What the exercise asks:
Pick every line from the data that holds the word "Heart".
┌─ Supplied material
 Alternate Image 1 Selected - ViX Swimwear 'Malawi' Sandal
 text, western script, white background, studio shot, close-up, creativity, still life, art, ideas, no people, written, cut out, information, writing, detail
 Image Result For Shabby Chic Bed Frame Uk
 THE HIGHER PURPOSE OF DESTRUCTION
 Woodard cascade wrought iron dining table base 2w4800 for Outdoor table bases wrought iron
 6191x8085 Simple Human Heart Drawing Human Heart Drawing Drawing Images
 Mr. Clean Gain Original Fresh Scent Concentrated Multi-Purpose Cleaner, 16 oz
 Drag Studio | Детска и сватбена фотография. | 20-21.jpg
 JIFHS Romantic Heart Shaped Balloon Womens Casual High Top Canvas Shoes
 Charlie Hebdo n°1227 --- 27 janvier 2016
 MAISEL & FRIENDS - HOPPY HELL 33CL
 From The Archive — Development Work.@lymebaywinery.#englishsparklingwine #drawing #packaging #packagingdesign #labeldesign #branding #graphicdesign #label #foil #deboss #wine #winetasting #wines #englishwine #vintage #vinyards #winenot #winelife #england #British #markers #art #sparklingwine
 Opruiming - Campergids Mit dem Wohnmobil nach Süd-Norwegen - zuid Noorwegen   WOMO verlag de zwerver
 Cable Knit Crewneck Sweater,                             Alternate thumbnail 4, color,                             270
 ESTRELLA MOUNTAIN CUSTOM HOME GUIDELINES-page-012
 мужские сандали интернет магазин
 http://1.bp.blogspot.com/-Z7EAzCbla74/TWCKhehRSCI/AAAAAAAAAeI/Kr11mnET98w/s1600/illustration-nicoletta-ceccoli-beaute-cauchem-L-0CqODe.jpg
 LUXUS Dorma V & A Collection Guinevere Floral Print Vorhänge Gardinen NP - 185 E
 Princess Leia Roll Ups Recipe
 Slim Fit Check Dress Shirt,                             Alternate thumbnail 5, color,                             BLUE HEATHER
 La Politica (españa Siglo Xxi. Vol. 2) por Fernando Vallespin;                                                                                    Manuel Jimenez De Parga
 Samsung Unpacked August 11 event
└─
Response:
 6191x8085 Simple Human Heart Drawing Human Heart Drawing Drawing Images
 JIFHS Romantic Heart Shaped Balloon Womens Casual High Top Canvas Shoes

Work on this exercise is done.